TRENTON
- Attorney General Anne Milgram announced
today that New Jersey will receive nearly
$9.5 million in a national Medicaid fraud
settlement with pharmaceutical company Eli
Lilly and Company regarding an illegal off-label
marketing campaign that improperly promoted
the antipsychotic drug Zyprexa.
Under
the national settlement, Eli Lilly will
pay the states and the federal government
$800 million in damages and penalties to
compensate Medicaid and various federal
healthcare programs for harm suffered as
a result of the illegal off-label marketing.
Medicaid
is jointly funded by the state and federal
governments. New Jersey has reached an agreement
in principle with Eli Lilly under which
the joint federal and state settlement payment
to the New Jersey Medicaid program will
be $18,416,660. The state’s share
is $9,477,068.
“During
the past year, we have recovered more than
$22 million for New Jersey through national
settlements such as this one, in which our
Medicaid Fraud Control Unit played an important
role,” said
Attorney General Milgram. “That
is additional money for our Medicaid program
to assist people who otherwise could not
afford vital health care services and prescription
drugs.”
The
settlement arose from four federal and state
false claim actions that were consolidated
in the U.S. District Court for the Eastern
District of Pennsylvania. The cases, called
qui tam cases, were filed by private parties
on behalf of the government. New Jersey
played an important role on the team of
state Medicaid Fraud Control Units that
worked with the U.S. Department of Justice
to negotiate the settlement. New Jersey
was one of six states that did extensive
claims data analysis which supported the
damage figures.
In
addition to the civil settlement, the U.S.

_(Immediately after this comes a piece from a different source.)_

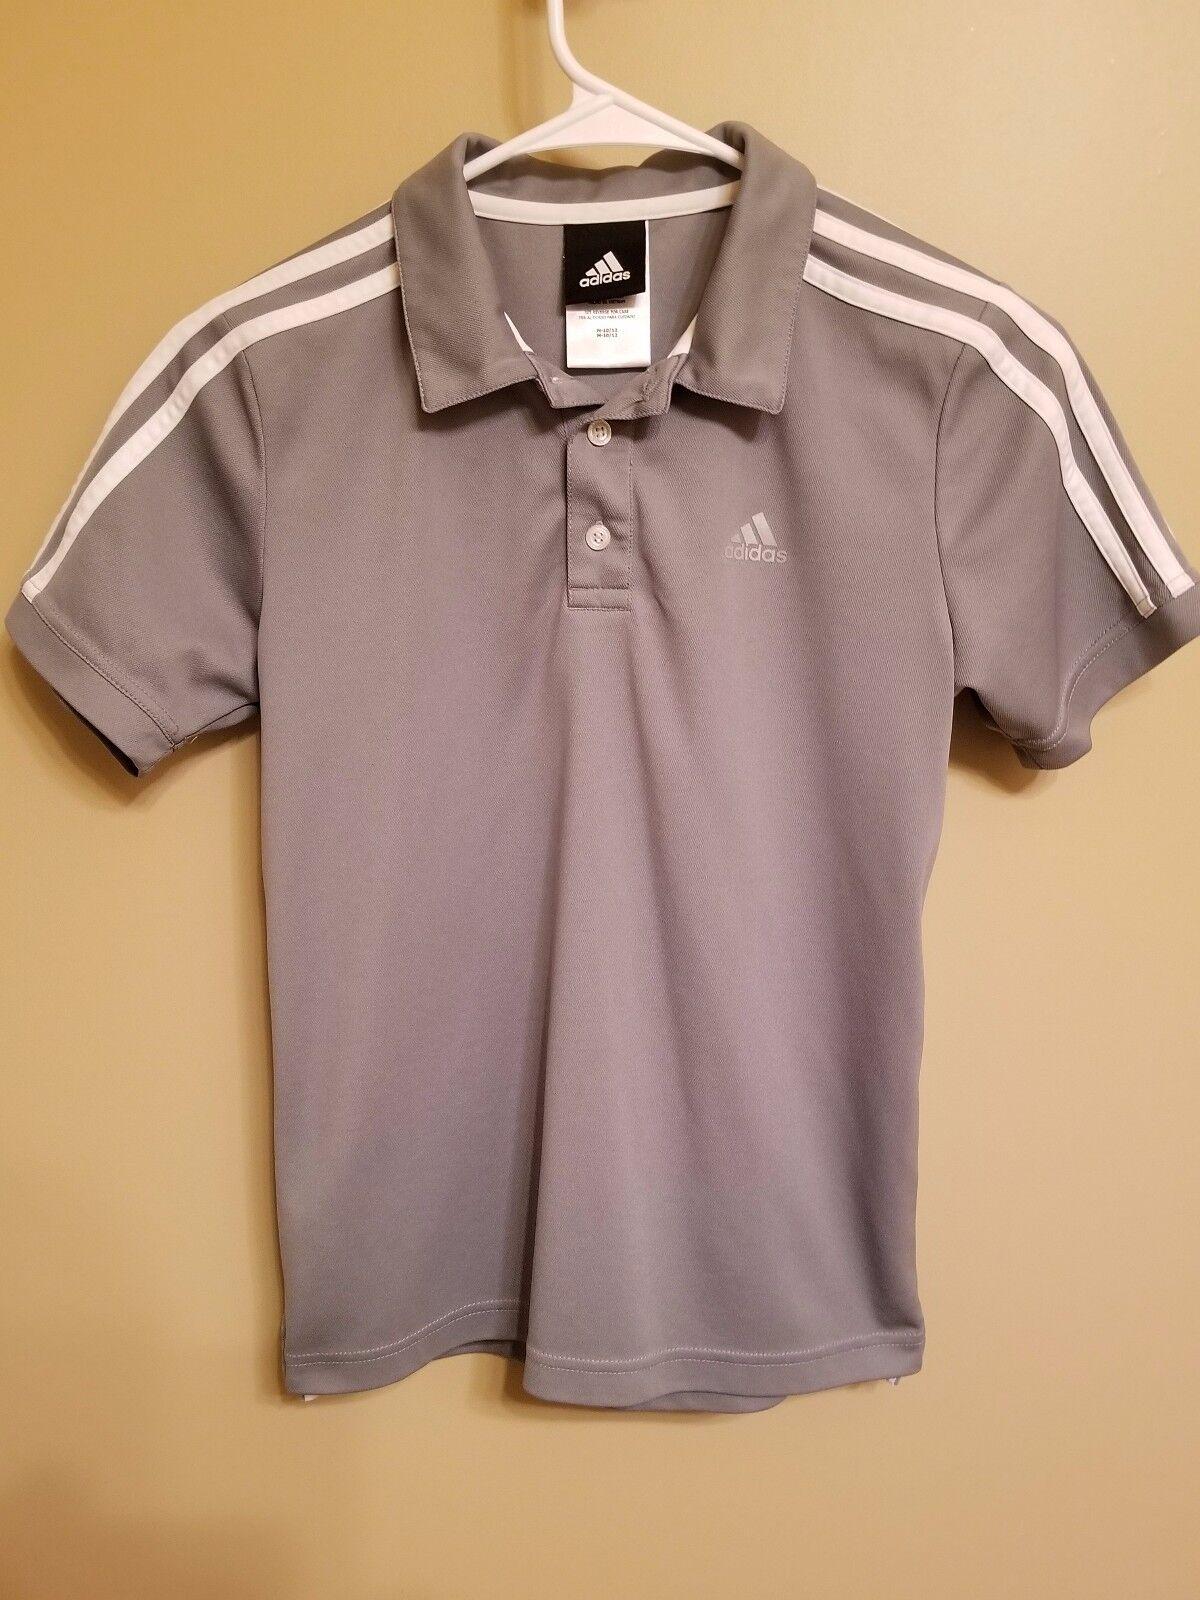 Adidas Golf női s / s szürke póló mérete X Kicsi

Attorney for the Eastern District of Pennsylvania
has filed a criminal information in U.S.
District Court charging Eli Lilly with a
misdemeanor violation of the Food, Drug
and Cosmetic Act. In a plea agreement filed
with the court, Eli Lilly has agreed to
pay a $615 million criminal fine to resolve
the charge.
As
part of the civil settlement, Eli Lilly
will enter a corporate integrity agreement
with the U.S. Department of Health and Human
Services’ Office of the Inspector
General, which will closely monitor the
company’s future marketing and sales
practices.
“We
are committed to investigating and prosecuting
Medicaid fraud and other abuses affecting
our Medicaid program,” said Insurance
Fraud Prosecutor Greta Gooden Brown. “With
the high cost of prescription medicines,
illegal off-label marketing of drugs can
cause huge amounts of Medicaid funding to
be diverted from approved uses.”
Zyprexa
was the first of a newer generation of antipsychotic
medications called atypical antipsychotics
used to treat certain psychological disorders.
Between September 1999 and December 31,
2005, Eli Lilly willfully promoted the sale
and use of Zyprexa for certain uses which
the Food and Drug Administration had not
approved. This is known as off-label marketing.
The promotional activities undertaken by
Eli Lilly in its “Viva Zyprexa”
marketing campaign promoted Zyprexa not
only to psychiatrists, but also to primary
care physicians, for such unapproved uses
as the treatment of depression, anxiety,
irritability, disrupted sleep, nausea and
gambling addiction.
In
implementing the campaign, Eli Lilly also
made payments and gave other things of value
to physicians and other health care professionals.
As a result of these promotional activities,
Eli Lilly caused physicians to prescribe
Zyprexa for children and adolescents, dementia
patients in long term care facilities, and
in unapproved dosage amounts, all of which
are uses that were not medically accepted
indications approved for reimbursement by
state Medicaid programs. Off-label prescribing
is a common practice and is not per se unlawful.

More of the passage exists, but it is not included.